In recent years, a great deal of research is being conducted in the industry on the multilayer cofired ceramic substrate process technology, and the paper "LTCC process technology research" indicates that the substrate warpage is caused by the asymmetric distribution of the conductors inside the substrate; the paper "LTCC substrate co-firing flatness process research" indicates that the open grid-land and pattern uniform design can improve the flatness of the LTCC substrate; the patent 'a multilayer co-fired ceramic circuit substrate with a structure compensation area and a manufacturing method of the multilayer substrate' provides a process design compensation method for arranging conductor through holes and patterns on the periphery of a product, so that the warp of the substrate in an asymmetric area is restrained, and the flatness of the substrate is improved.

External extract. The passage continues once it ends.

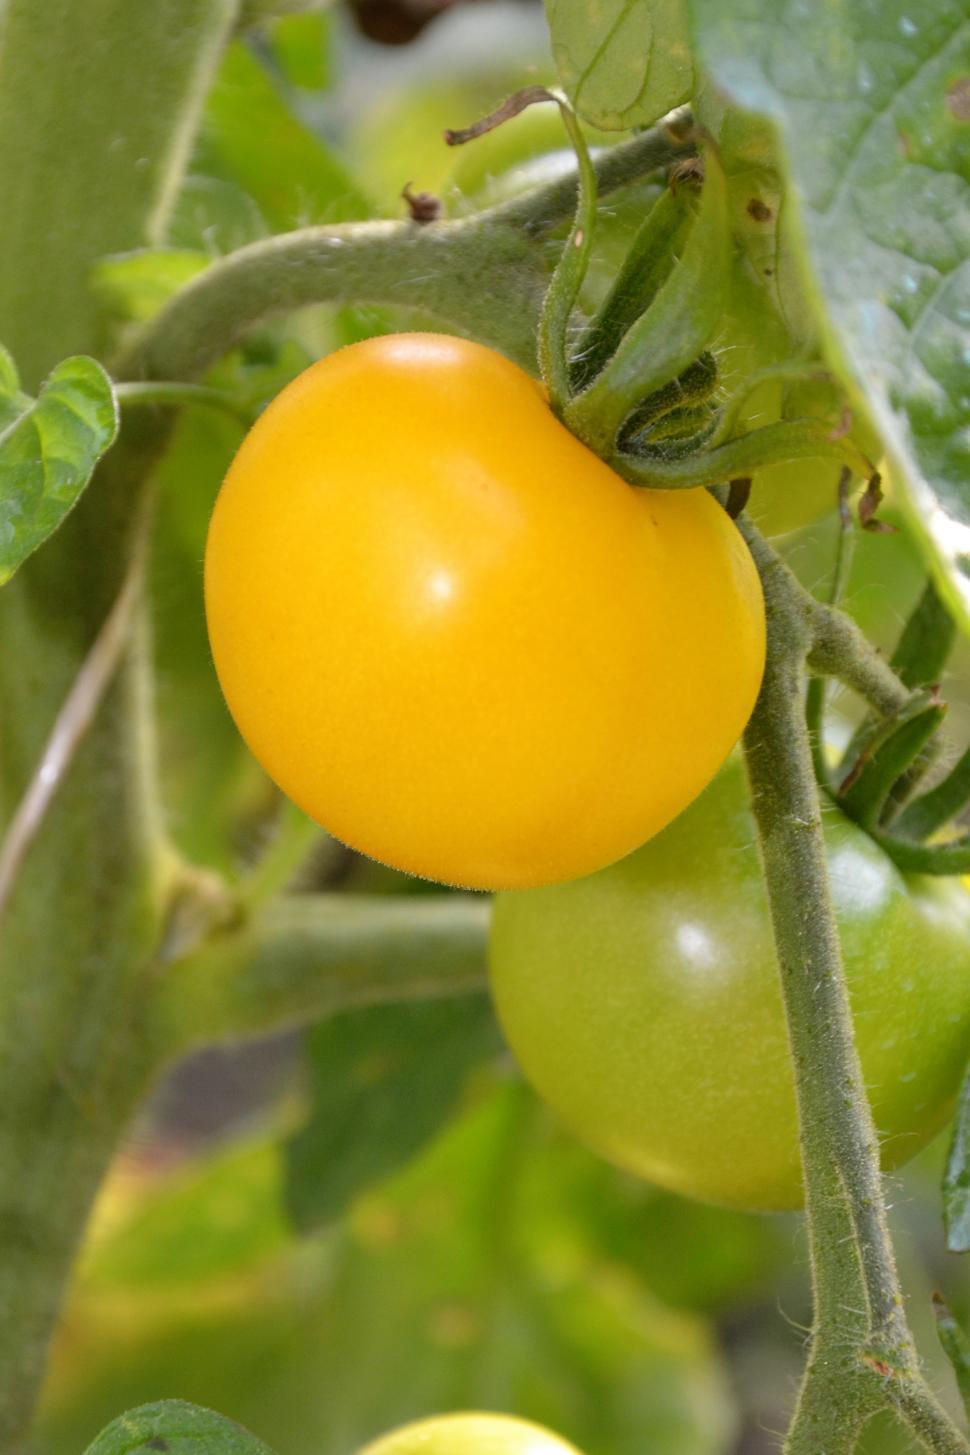 Download Free Stock Photo of Yellow tomato on vine

Although the shrinkage mismatch problem of the co-firing of the matched slurry and the raw porcelain is mentioned in many related researches, the shrinkage mismatch problem is qualitatively described as an influencing factor in a certain aspect, and quantitative test and evaluation are not performed, so that a test method for testing the shrinkage mismatch degree of the co-firing of the matched slurry and the raw porcelain is urgently needed to be established, the quantitative test for the shrinkage mismatch degree of the sintering of the slurry and the raw porcelain is realized, and the product design, the process design and the raw material optimization improvement are guided.

Disclosure of Invention

In order to overcome the defects of the prior art, the invention provides a method for testing the shrinkage mismatch degree of a multilayer co-fired ceramic substrate, which solves the problem that the quantitative test of the shrinkage mismatch degree of slurry and green ceramic sintering cannot be realized in the prior art.

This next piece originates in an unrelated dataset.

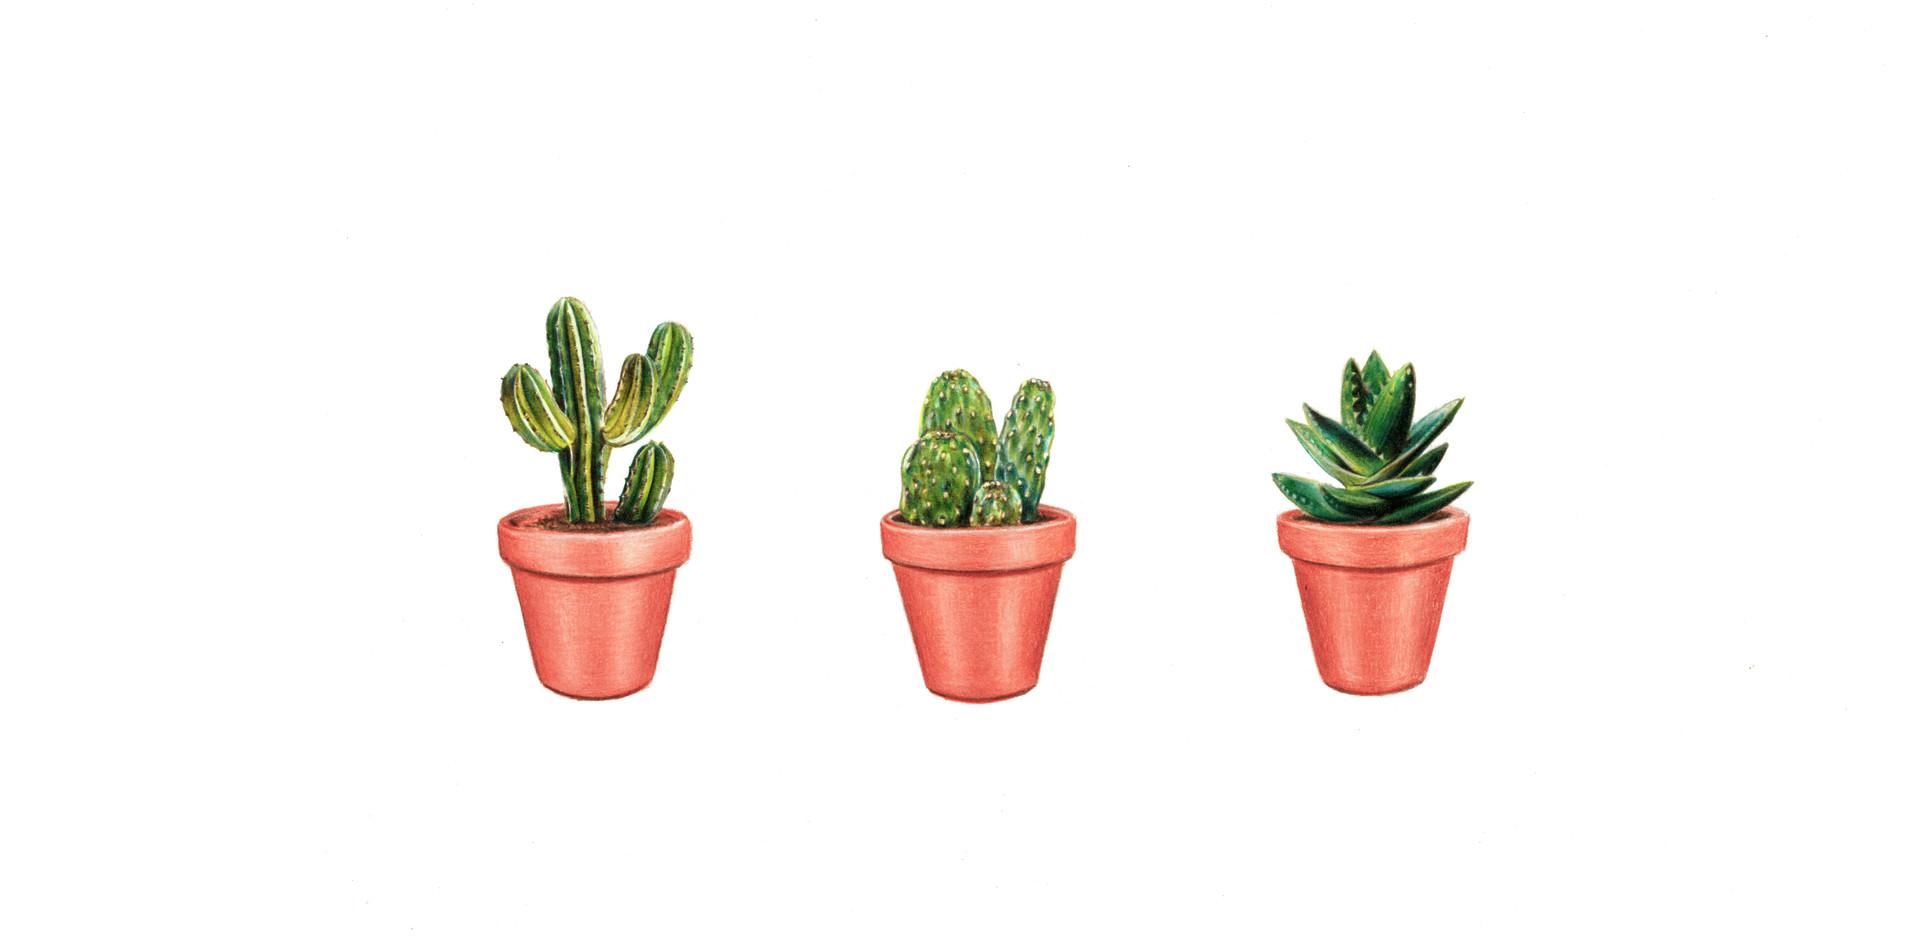 threecactus.jpg

The invention solves the problems by adopting the following technical scheme:

a method for testing shrinkage mismatch degree of a multilayer co-fired ceramic substrate comprises the following steps:

s1, manufacturing a pure raw porcelain process sample by using blank raw porcelain, and testing the sintering shrinkage rate of the pure raw porcelain process sample;

s2, introducing matched slurry, manufacturing a process sample containing the matched slurry, and testing the sintering shrinkage rate of the process sample after the matched slurry is introduced;

and S3, subtracting the sintering shrinkage of the process sample piece after the matched slurry is introduced from the sintering shrinkage of the pure ceramic process sample piece to obtain the shrinkage mismatch degree of the matched slurry and the green ceramic sintering of the multilayer cofiring ceramic substrate.

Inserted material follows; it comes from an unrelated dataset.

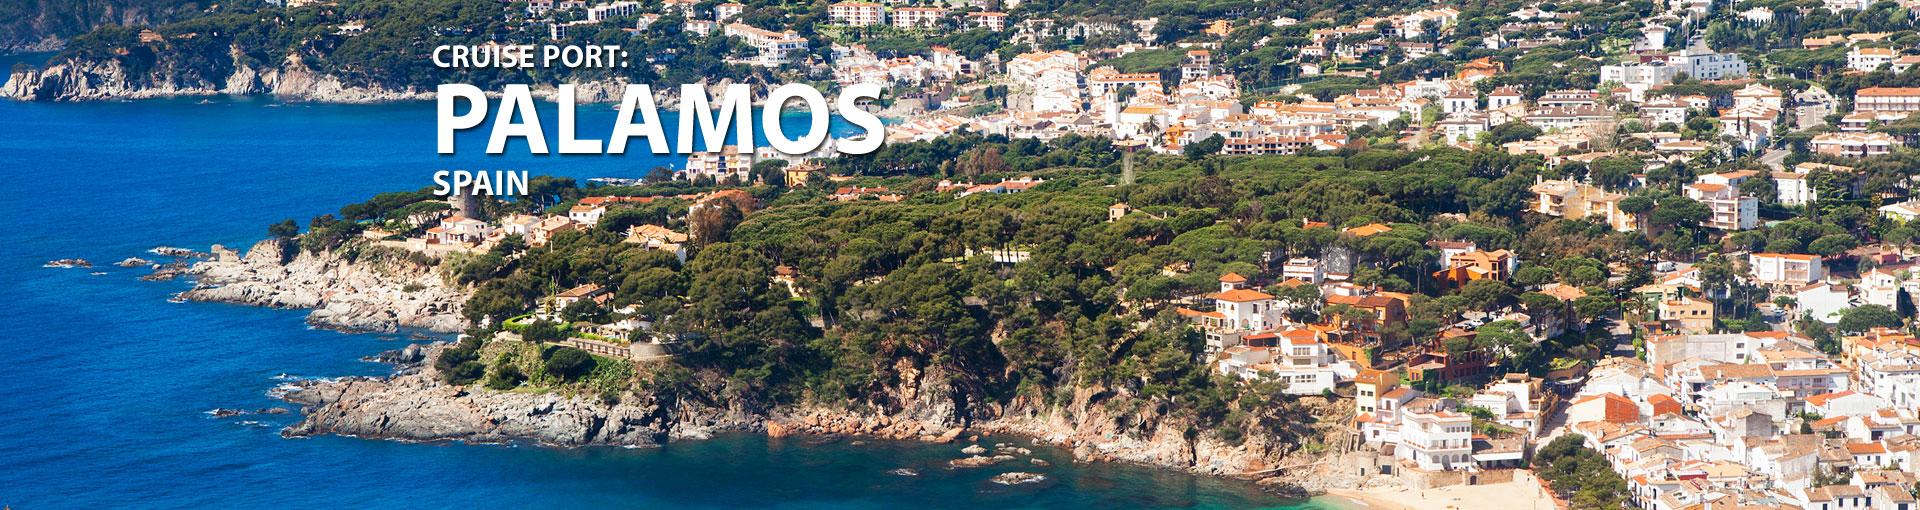 Cruises to Palamos, Spain

As a preferable technical scheme, in step S1, test points are arranged on the pure ceramic process sample, and test marks are manufactured at the positions where the test points are arranged and used for testing the sizes of the pure ceramic process sample before and after sintering.

In step S1, a test mark of a green ceramic process sample is made by punching, hole filling or pattern printing.

As a preferred technical solution, in step S2, a process sample containing the matched slurry is manufactured by using a symmetry design, where the symmetry design refers to: when the matched slurry is arranged, the printed patterns which are completely identical in shape and completely aligned in position are arranged on the front surface and the back surface of the process sample piece, or through holes which are identical in diameter and aligned in position are arranged on each layer of the process sample piece.

As a preferred technical solution, in step S2, a process sample is manufactured, which contains a large-area distribution of the matched slurry, where the large-area distribution of the matched slurry refers to: the conductor slurry is continuously distributed, and a blank raw porcelain area is reserved at the periphery of the matched slurry distribution area.

As a preferable technical scheme, in the step S2, the width of a blank raw porcelain area at the periphery of a matched slurry distribution area is 3-10 mm, and the width difference of the blank raw porcelain at the edge of a process sample piece after the matched slurry is introduced is less than 1mm.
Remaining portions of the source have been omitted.